Submitted to: BMC Genomics
Publication Type: Peer Reviewed Journal
Publication Acceptance Date: 9/19/2007
Publication Date: 9/19/2007
Citation: Schlueter, J., Lin, J., Schlueter, S., Vasylenko-Sanders, I., Deshpandem, S., Yi, J., O'Bleness, M., Roe, B., Nelson, R., Scheffler, B.E., Jackson, S., Shoemaker, R.C. 2007. Gene duplication and paleopolyploidy in soybean and the implications for whole genome sequencing. Biomed Central (BMC) Genomics. 8:330.
Interpretive Summary: The genome of soybean is currently being decoded through a cooperative arrangement between USDA and DOE. The approach being used requires that millions of small segments of DNA sequence be reassembled into psuedochromosomes. The soybean genome has been duplicated at least twice. This creates some regions that very closely resemble other regions. This may cause problems when putting the genome back together. In this study the authors identified and decoded duplicated regions of the genome. They compared the organization of the duplicated regions, mixed the sequences together, and then assembled the regions. They concluded that the soybean genome is a mosaic of organizational structures. They also concluded that even highly similar regions can still be assembled without serious confusion. This information is important to geneticists and informaticists who are studying the evolution of the hereditary material of important crops such as soybean and who will be assembling the whole genome sequence.

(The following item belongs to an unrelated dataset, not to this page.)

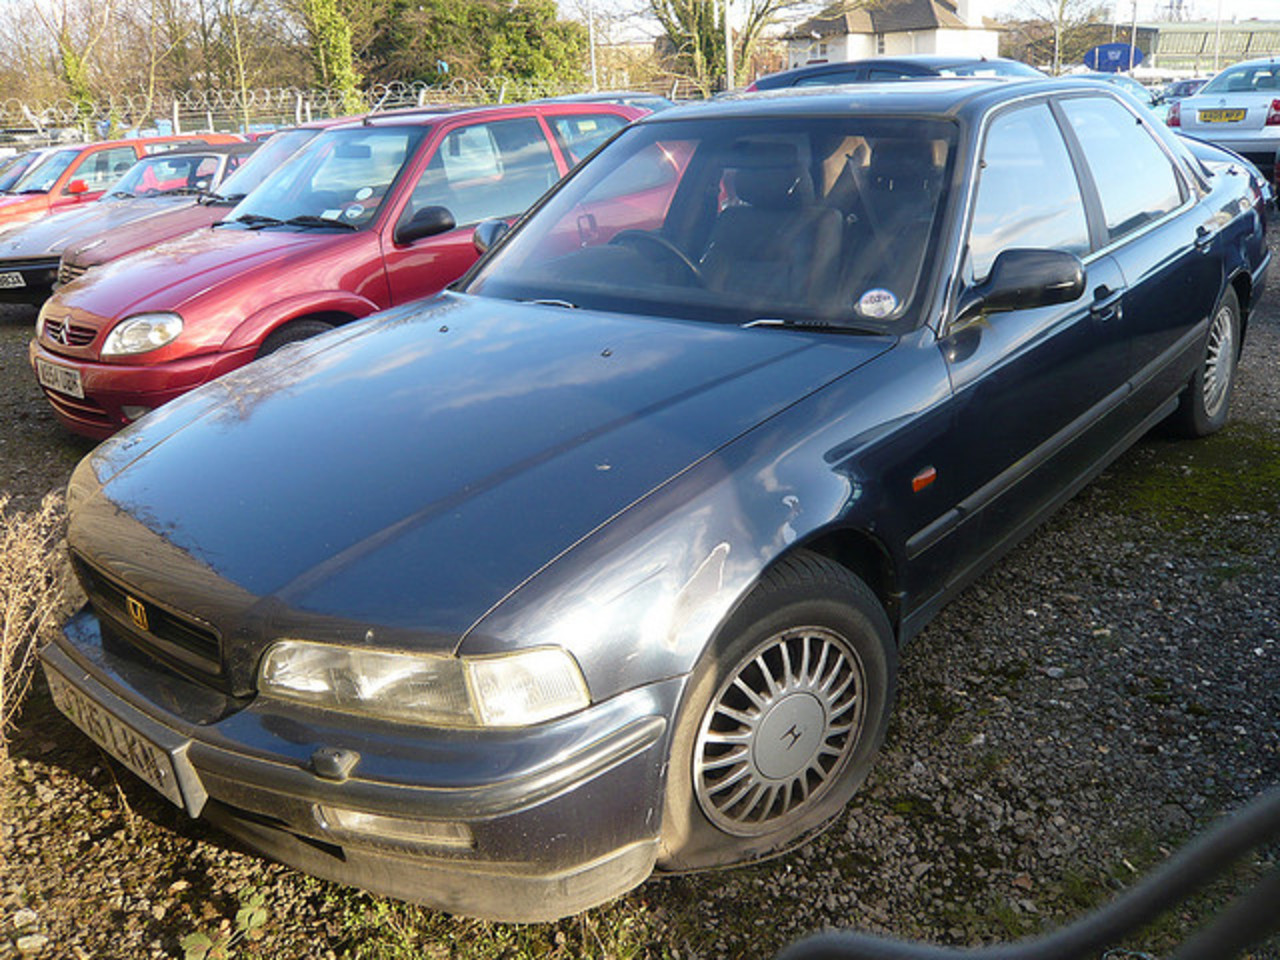 1991 Honda Legend V6 in Ipswich | Flickr - Photo Sharing!

Technical Abstract: Seventeen BACs representing ~ 2.03 Mb were sequenced as representative homeologous regions from the paleopolyploid soybean (Glycine max (L.) Merr.) genome. Sequence identity comparisons between homeologous BACs shows that the soybean genome is a mosaic of retained paleopolyploid regions. some having high sequence homeology on a gene for gene basis while other regions share only the gene that identified the duplicate BACs. In light of the whole-genome shotgun sequencing effort in soybean, the effects of retained paleopolyploidy in sequence assemblies were investigated. While duplicate BACs with high sequence similarity (upwards of 95%) do not cross-assemble, tandem duplications of greater than 95% similarity cause assembly errors. A preliminary assembly of 80,000 sequence traces from the JGI-DOE sequencing effort show that many repetitive sequences within the soybean genome have not been fully characterized and will need to be screened for during a whole-genome assembly.